## What you have to do
Nothing but the lines below from the one that contains "Пензенская область 4-х" through the one that contains "Action, Adventure, Ferdinand" should be retyped, exactly and including both ends. Do not include pictures.

## Data section
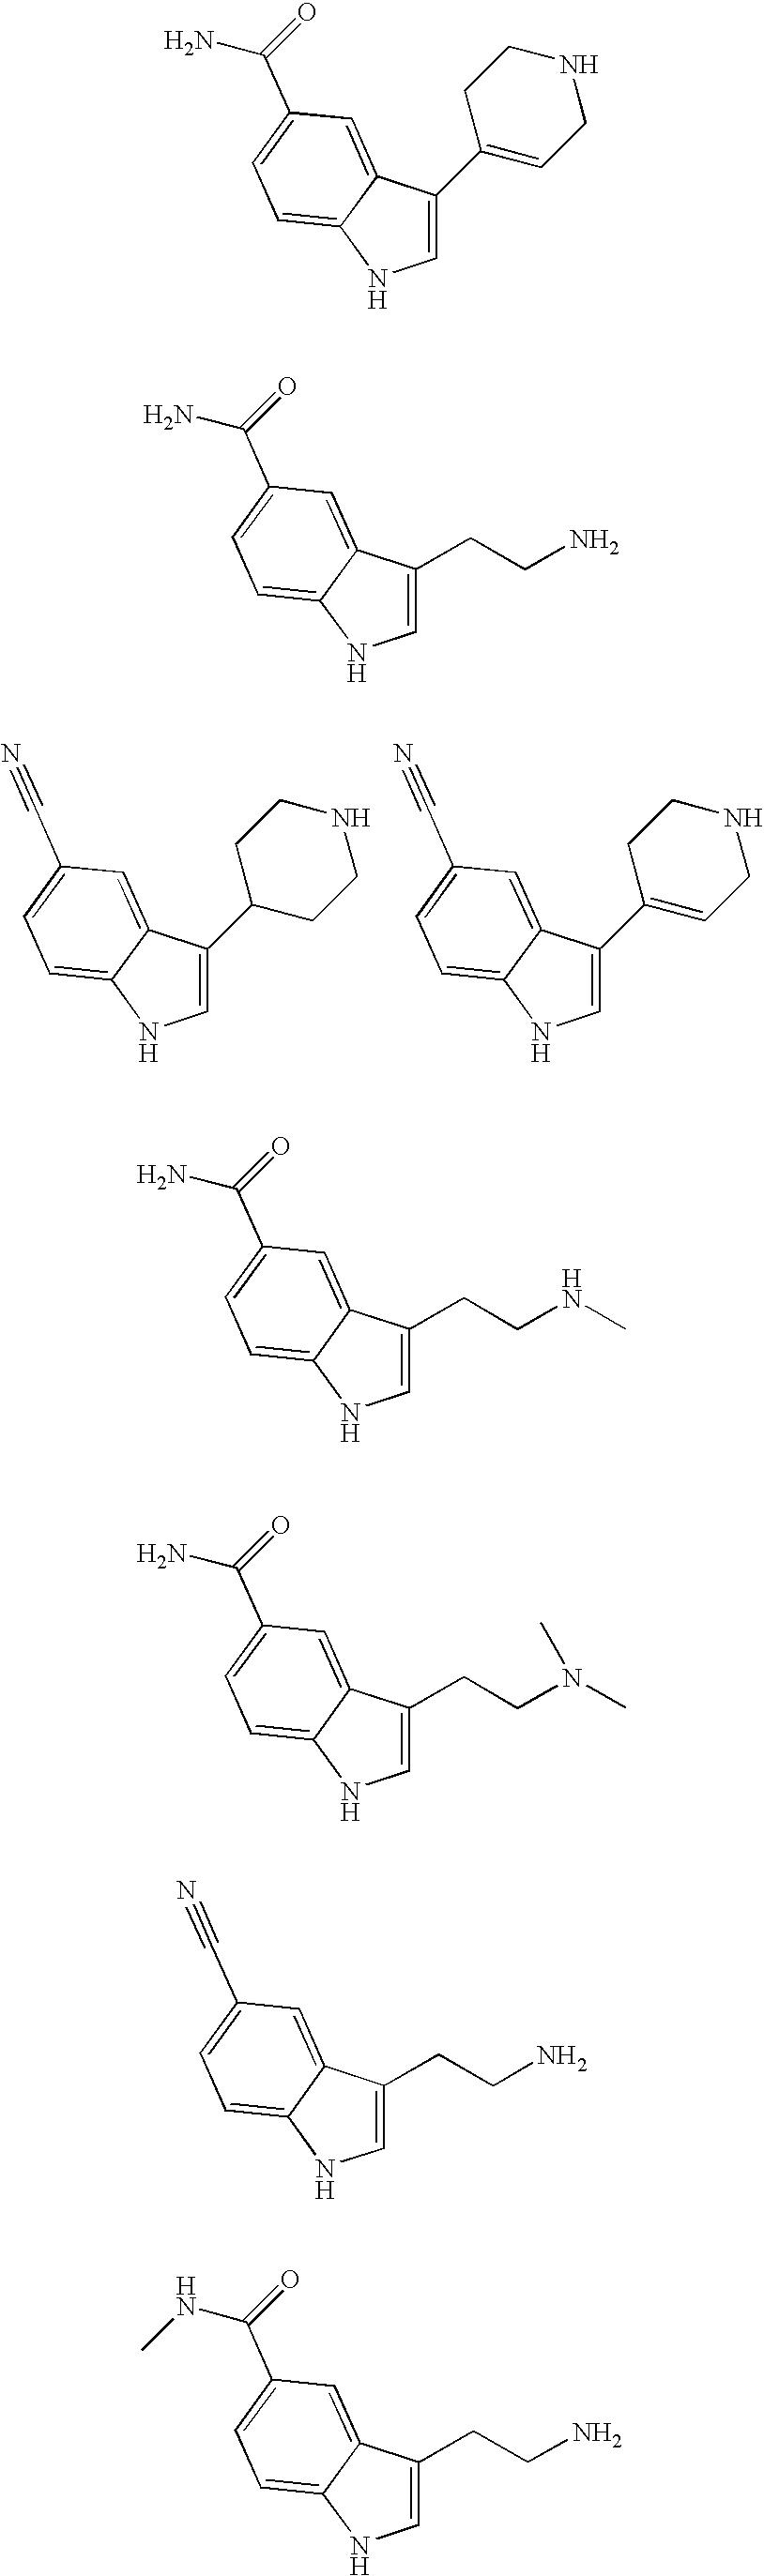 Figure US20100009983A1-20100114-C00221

--

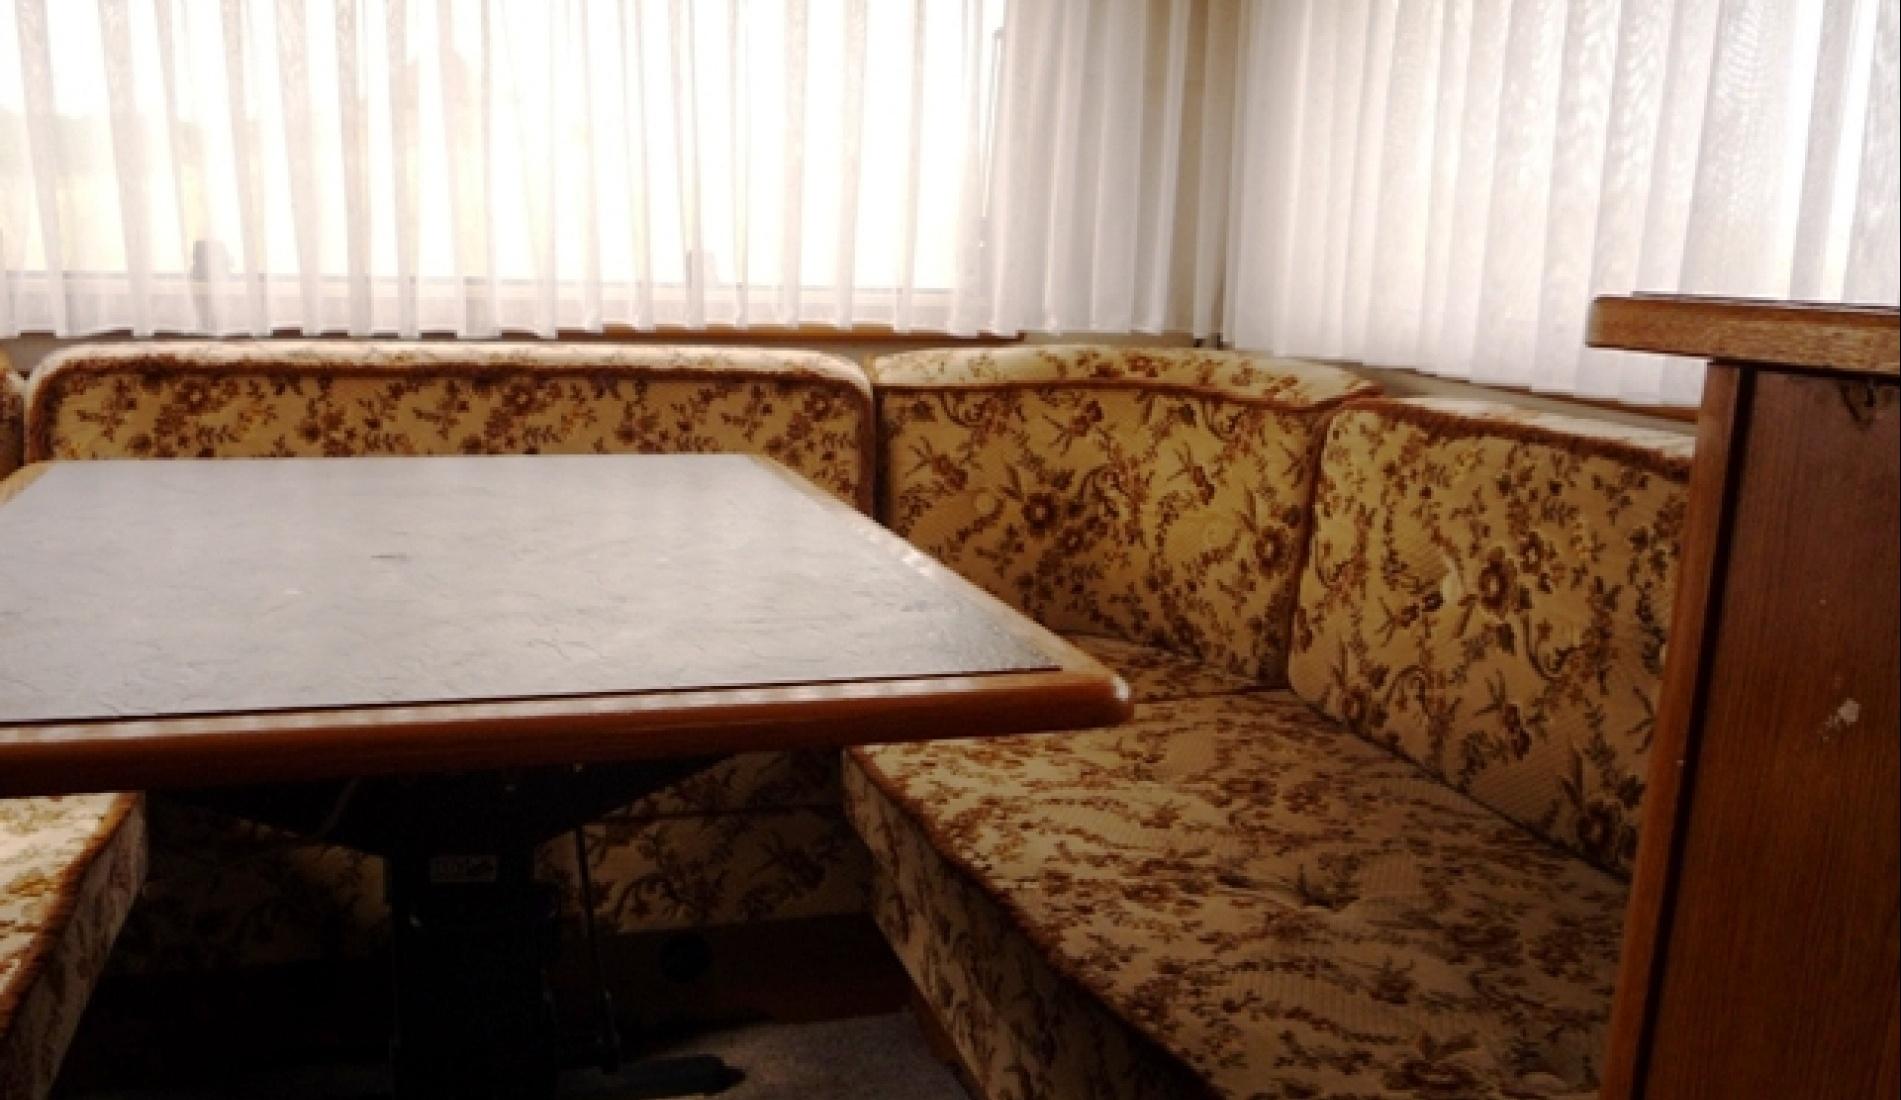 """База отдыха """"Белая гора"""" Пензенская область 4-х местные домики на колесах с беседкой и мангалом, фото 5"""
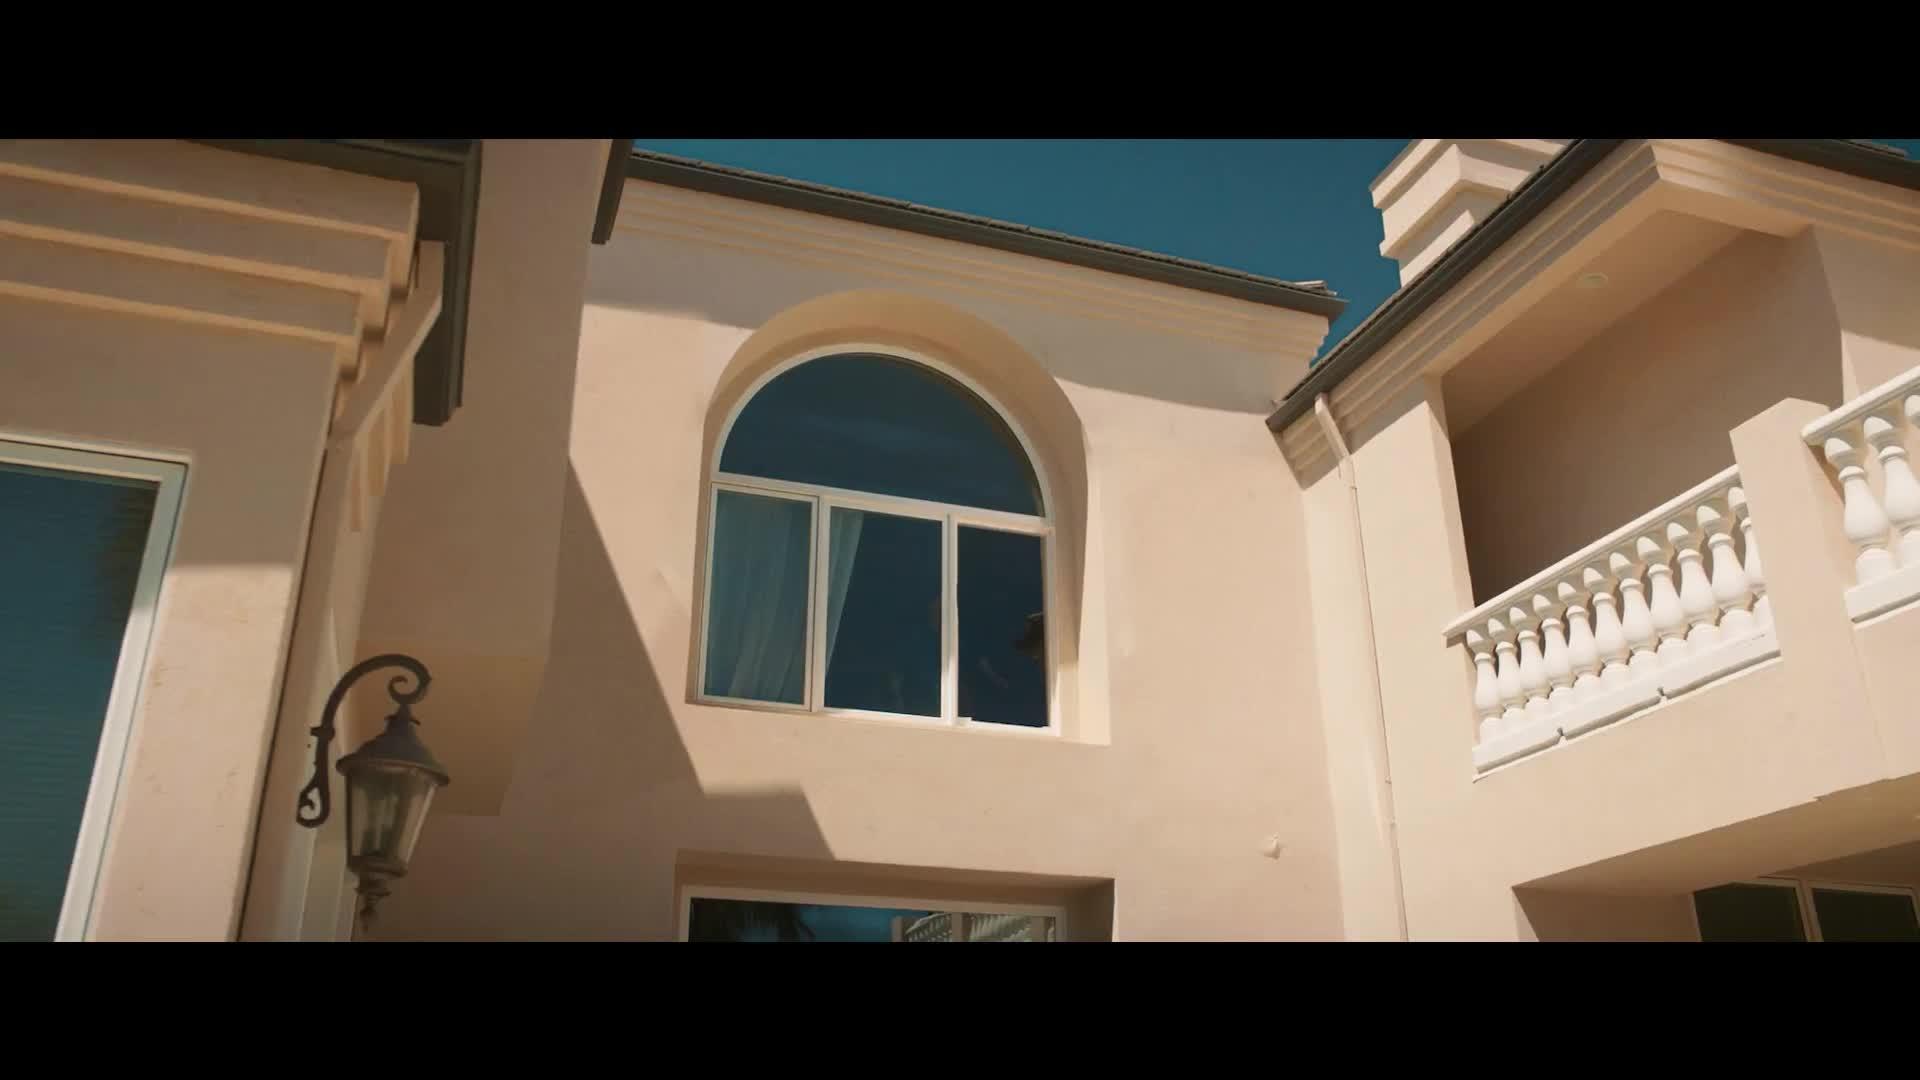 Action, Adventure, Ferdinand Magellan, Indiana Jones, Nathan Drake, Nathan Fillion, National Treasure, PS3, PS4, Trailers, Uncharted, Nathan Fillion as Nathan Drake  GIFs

## Output of the task
 """База отдыха """"Белая гора"""" Пензенская область 4-х местные домики на колесах с беседкой и мангалом, фото 5"""
 Action, Adventure, Ferdinand Magellan, Indiana Jones, Nathan Drake, Nathan Fillion, National Treasure, PS3, PS4, Trailers, Uncharted, Nathan Fillion as Nathan Drake  GIFs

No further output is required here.